### EXERCISE DATA
+---+

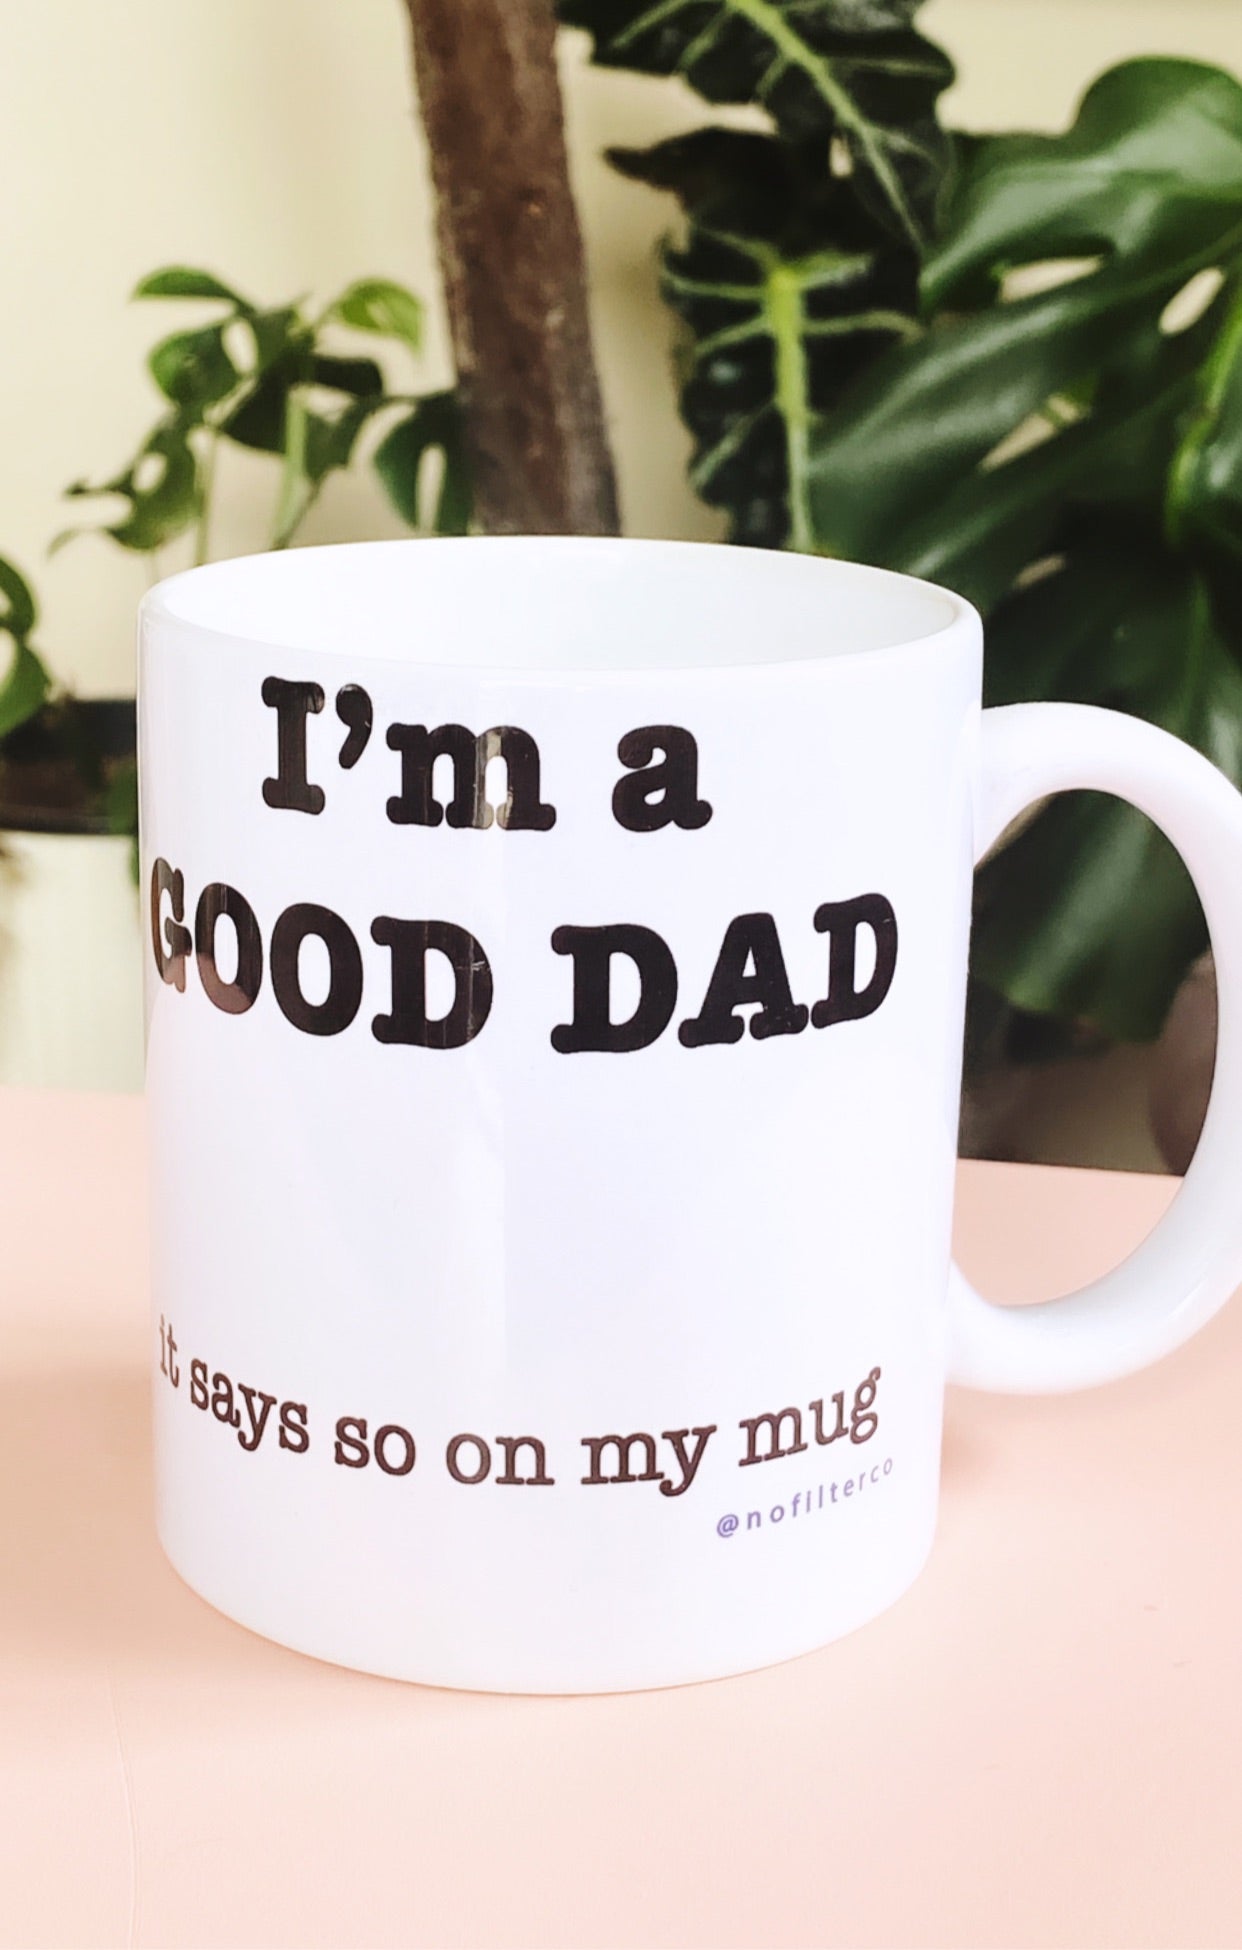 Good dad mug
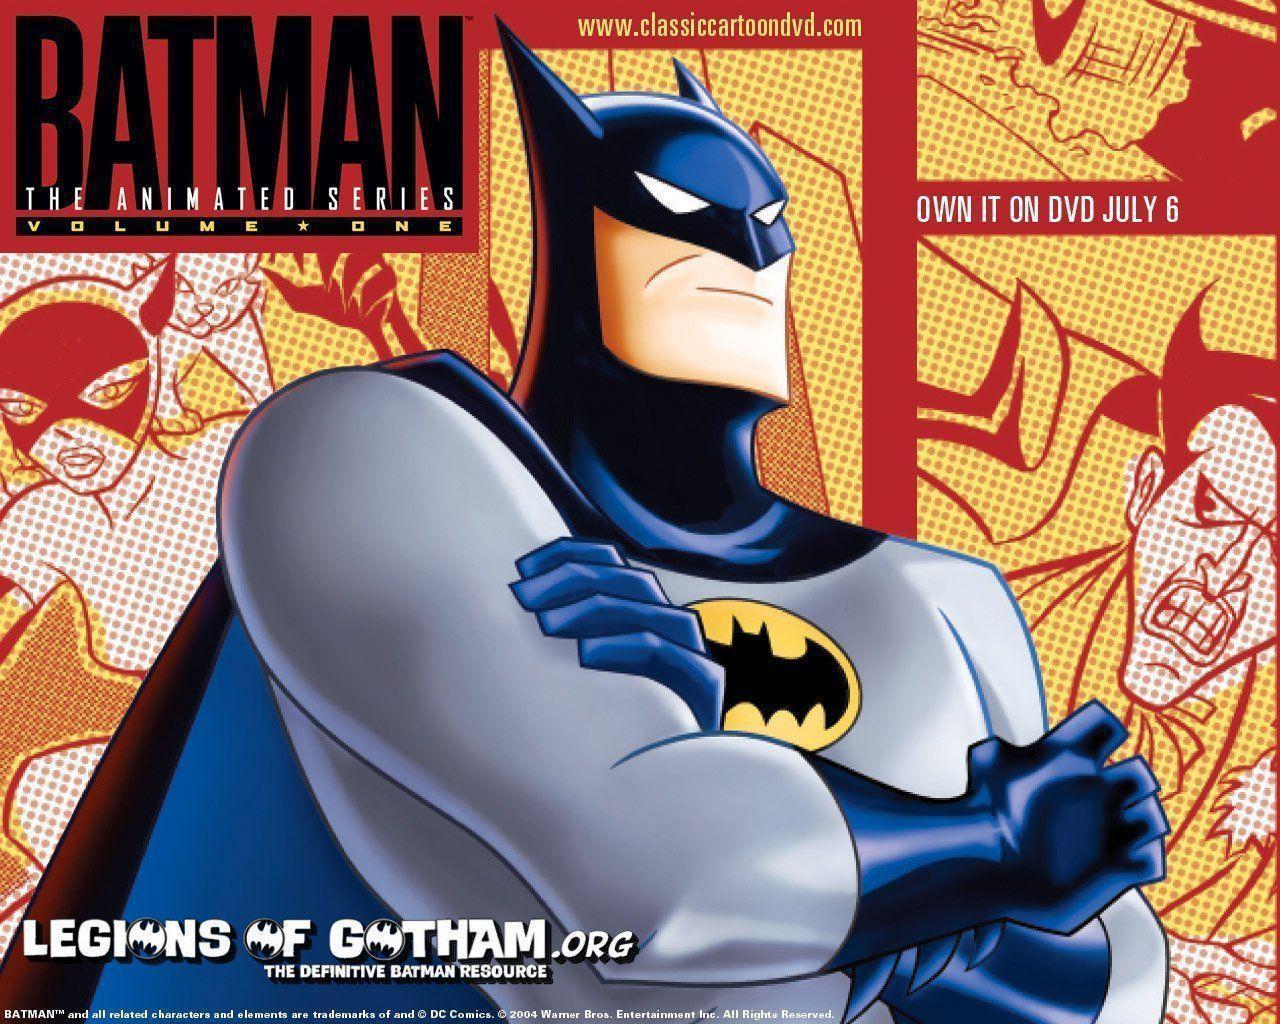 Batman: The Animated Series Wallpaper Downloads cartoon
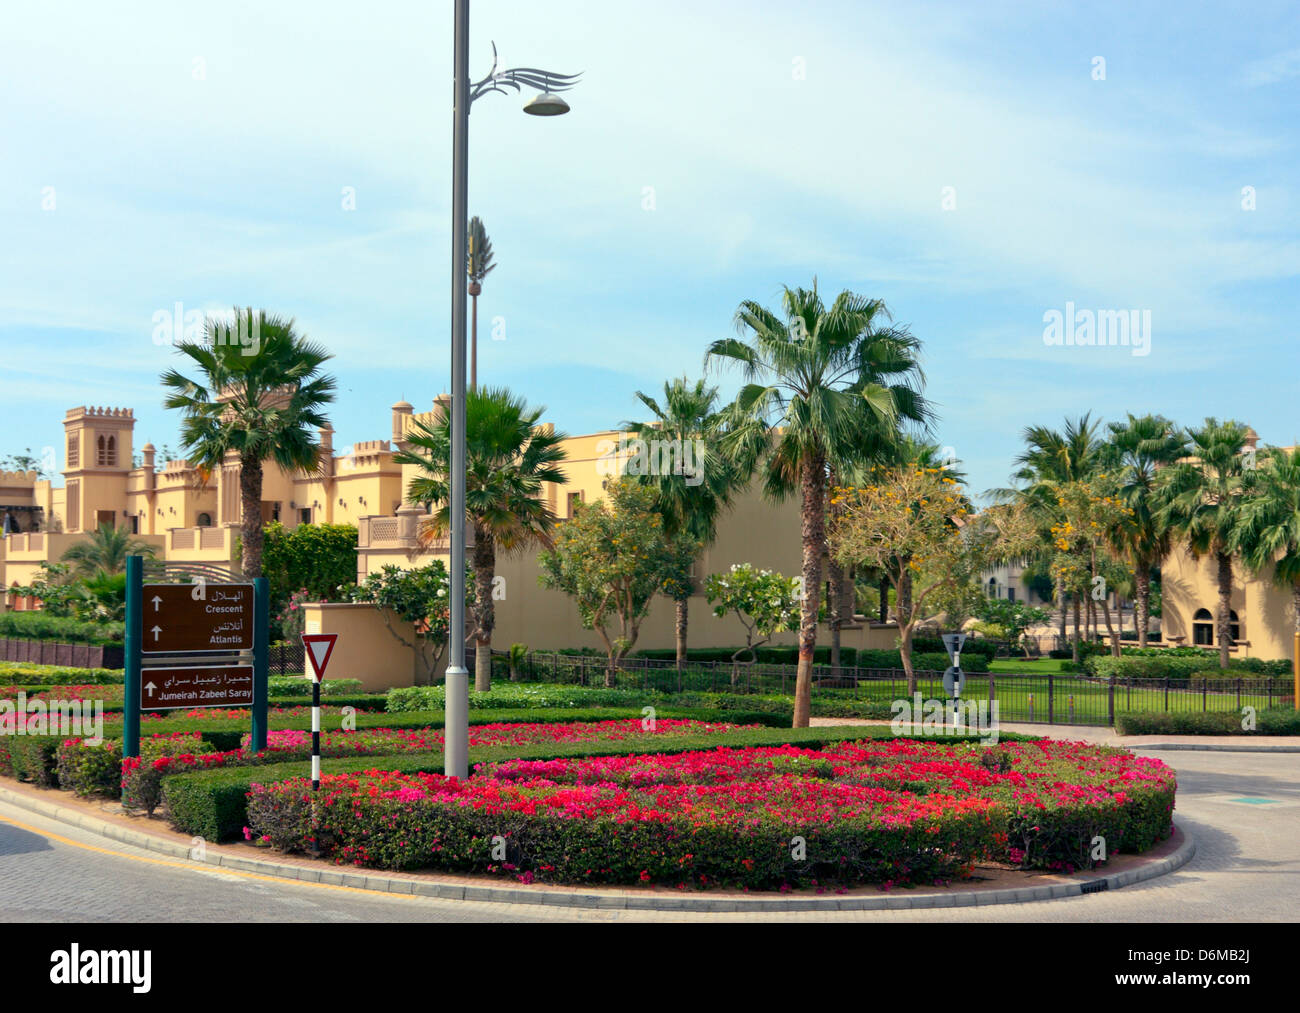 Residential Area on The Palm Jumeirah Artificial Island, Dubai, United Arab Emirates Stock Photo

+---+

Aside from the pictures, repeat the listing exactly.

### ANSWER FOR THIS EXERCISE
 Good dad mug
 Batman: The Animated Series Wallpaper Downloads cartoon
 Residential Area on The Palm Jumeirah Artificial Island, Dubai, United Arab Emirates Stock Photo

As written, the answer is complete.